Decision Date03 March 2023
Docket Number3:23-cv-470-X-BN
PartiesFELIX HERNANDEZ CISNEROS, TDCJ No. 1828976, Petitioner, v. DIRECTOR, TDCJ-CID, Respondent.
CourtU.S. District Court — Northern District of Texas

FINDINGS, CONCLUSIONS, AND RECOMMENDATION OF THE UNITED STATES MAGISTRATE JUDGE

DAVID L. HORAN UNITED STATES MAGISTRATE JUDGE

Petitioner Felix Hernandez Cisneros, a Texas prisoner, filed a pro se application for a writ of habeas corpus under 28 U.S.C. § 2254 collaterally attacking his 2012 Dallas County conviction for aggravated sexual assault with a deadly weapon and life sentence. See Dkt. No. 3.

United States District Judge Brantley Starr referred the Section 2254 application to the undersigned United States magistrate judge for pretrial management under 28 U.S.C. § 636(b) and a standing order of reference.

And the undersigned enters these findings of fact, conclusions of law, and recommendation that, under the circumstances here and for the reasons set out below, the Court should dismiss this federal habeas challenge with prejudice as time barred under Rule 4 of the Rules Governing Section 2254 Cases (Habeas Rule 4).

Legal Standards

Habeas Rule 4 allows a district court to summarily dismiss a habeas application “if it plainly appears from the face of the petition and any exhibits annexed to it that the petitioner is not entitled to relief in the district court.” Id.; see also Kiser v. Johnson, 163 F.3d 326, 328 (5th Cir. 1999) (“This rule differentiates habeas cases from other civil cases with respect to sua sponte consideration of affirmative defenses. The district court has the power under [Habeas] Rule 4 to examine and dismiss frivolous habeas petitions prior to any answer or other pleading by the state. This power is rooted in “the duty of the court to screen out frivolous applications and eliminate the burden that would be placed on the respondent by ordering an unnecessary answer.” (quoting 28 U.S.C. foll. § 2254 Rule 4 Advisory Committee Notes)).

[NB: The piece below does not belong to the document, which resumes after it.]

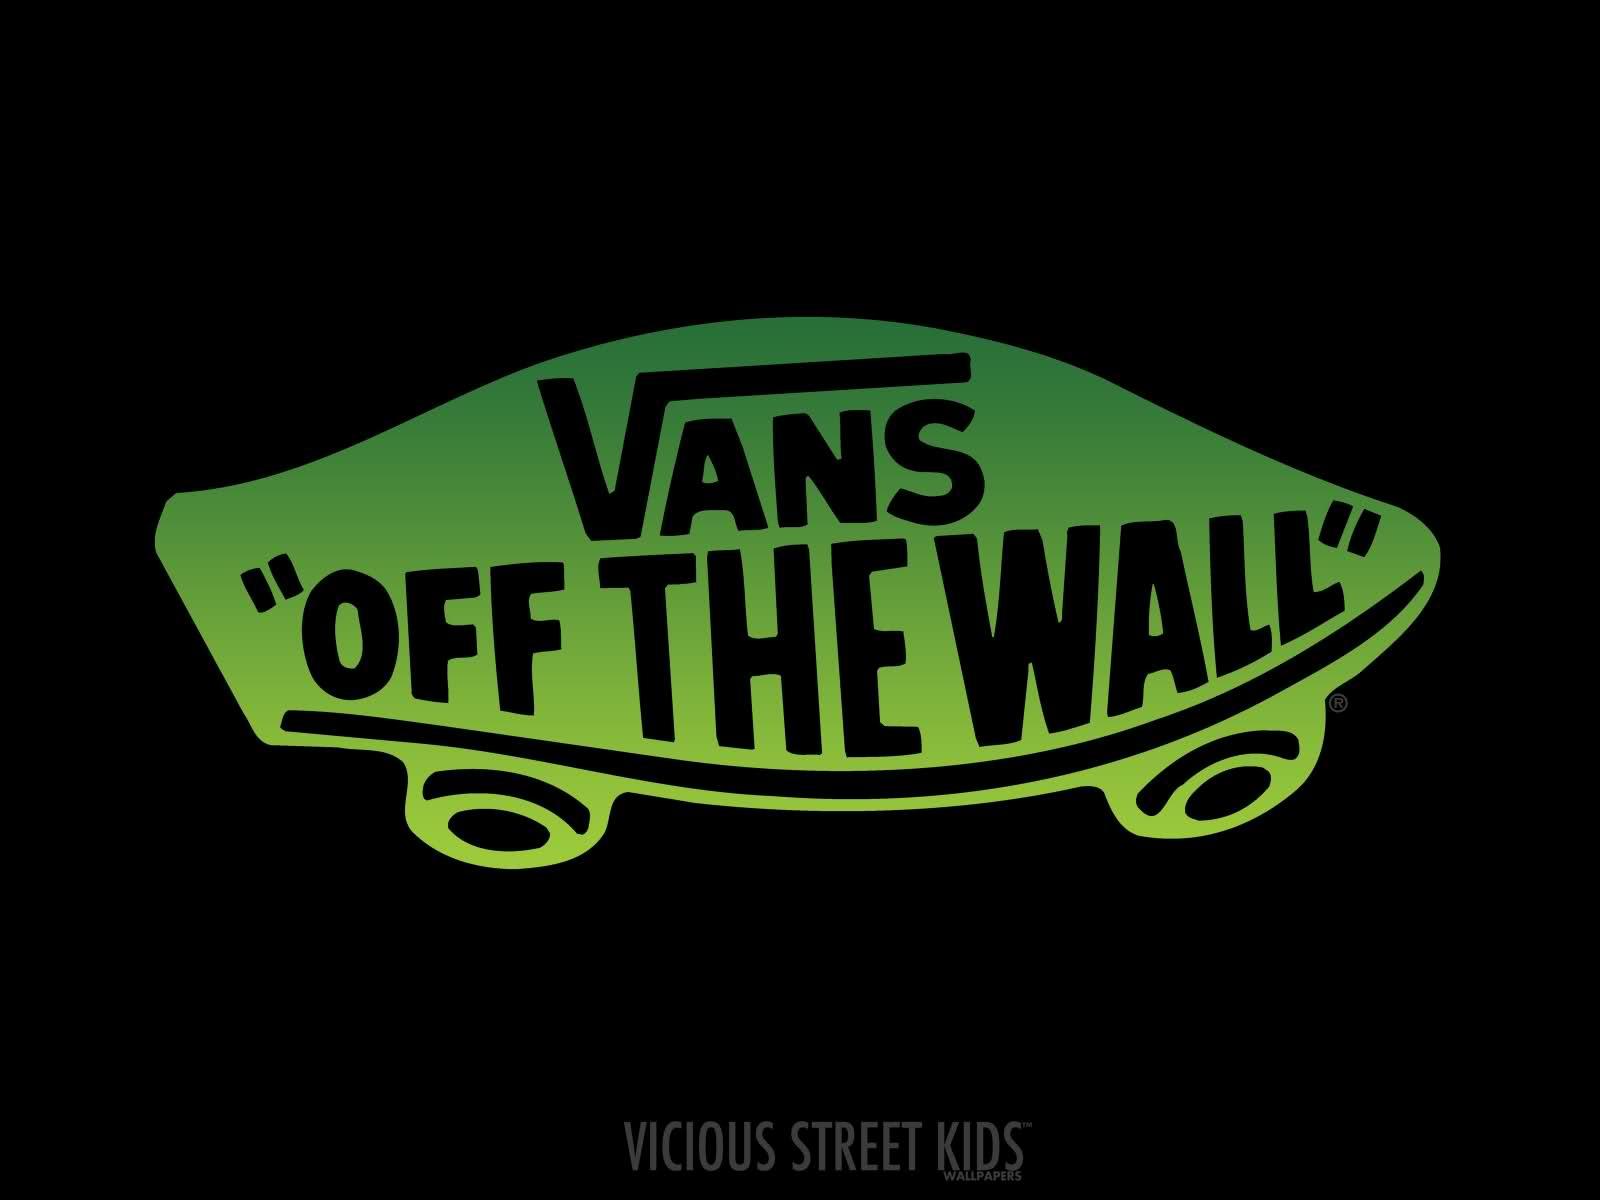 fabc8df80765 1600x1200px Vans Off The Wall Wallpaper - WallpaperSafari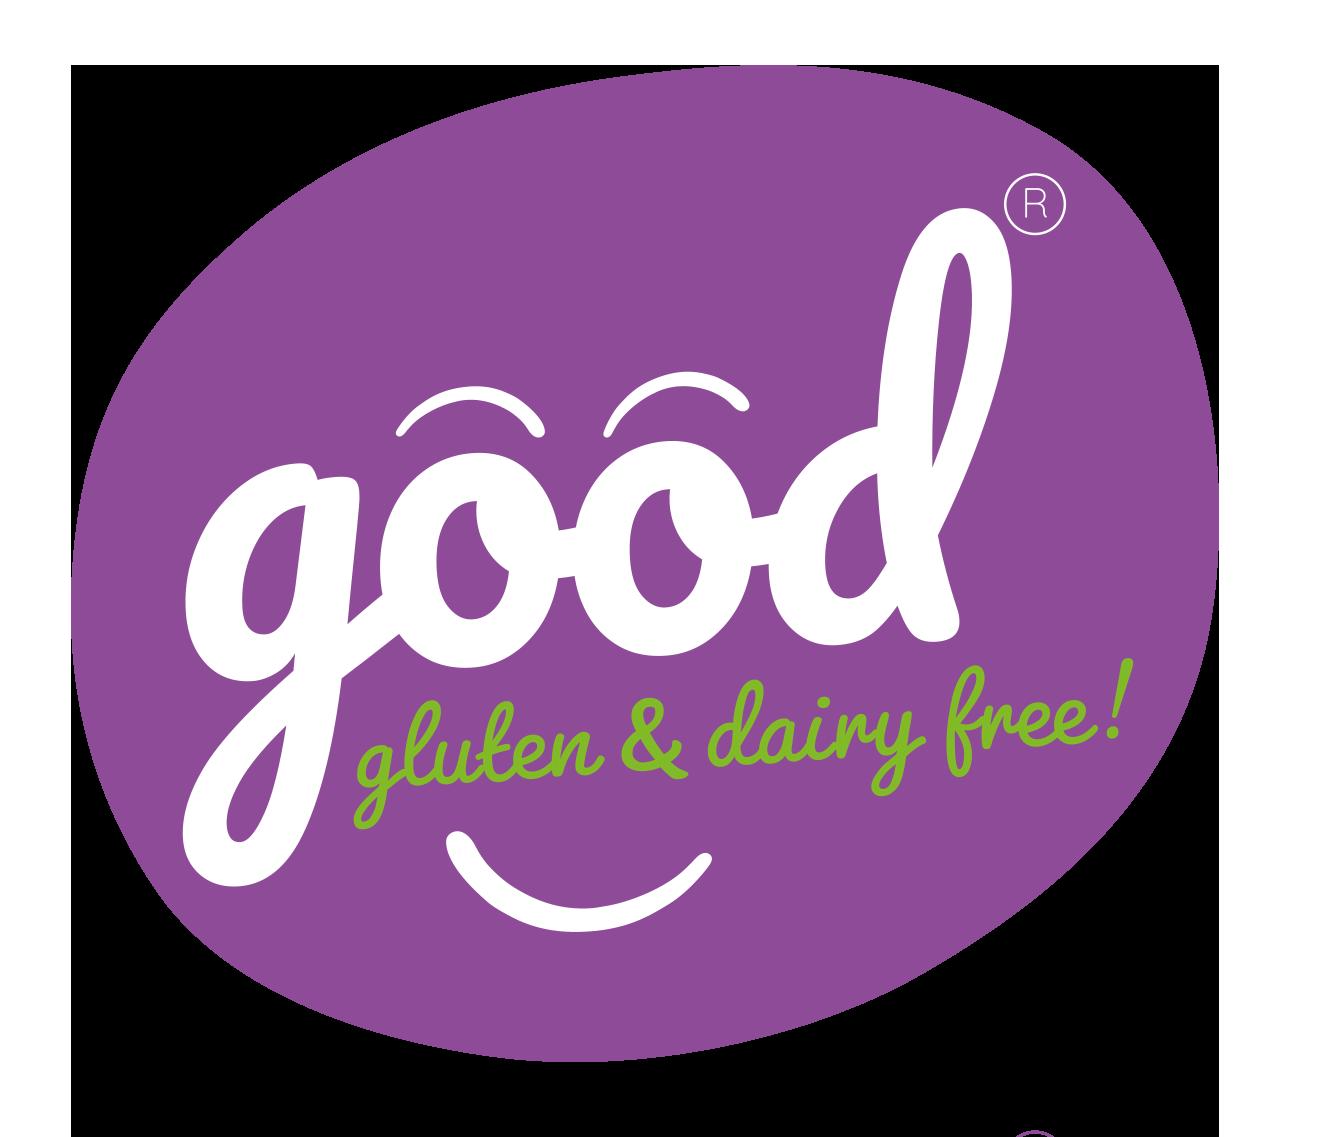 Good It's Gluten Free logo

While “the statute of limitations provision of the [Antiterrorism and Effective Death Penalty Act of 1996 (AEDPA)] is an affirmative defense rather than jurisdictional,” a district court may dismiss a time barred Section 2254 application sua sponte under Habeas Rule 4. Kiser, 163 F.3d at 329.

But ‘before acting on its own initiative' to dismiss an apparently untimely § 2254 petition as time barred, a district court ‘must accord the parties fair notice and an opportunity to present their positions.' Wyatt v. Thaler, 395 Fed.Appx. 113, 114 (5th Cir. 2010) (per curiam) (cleaned up quoting Day v. McDonough, 547 U.S. 198, 210 (2006)).

Under the circumstances here, these findings, conclusions, and recommendation provide Petitioner fair notice, and the opportunity to file objections to them (further explained below) affords a chance to present to the Court his position as to the limitations concerns explained below. See e.g., Ingram v. Dir., TDCJ-CID, No. 6:12cv489, 2012 WL 3986857, at *1 (E.D. Tex. Sept. 10, 2012) (a magistrate judge's report and recommendation gives the parties “fair notice that the case may be dismissed as time-barred, which [gives a petitioner] the opportunity to file objections to show that the case should not be dismissed based on the statute of limitation” (collecting cases)).

AEDPA “introduced both ‘simple logic' to the federal habeas landscape and uniform rules for federal courts to apply.” Wallace v. Mississippi, 43 F.4th 482, 492 (5th Cir. 2022) (quoting Smith v. Titus, 141 S.Ct. 982, 987 (2021) (Sotomayor, J., dissenting from denial of cert.), then citing Day, 547 U.S. at 202 n.1).

“Namely, it implemented a host of greatly needed procedural requirements for petitioners seeking habeas relief.” Id. (citing Brown v. Davenport, 142 S.Ct. 1510, 1524 (2022) (“In many ways, the statute represented a sea change in federal habeas law.”)).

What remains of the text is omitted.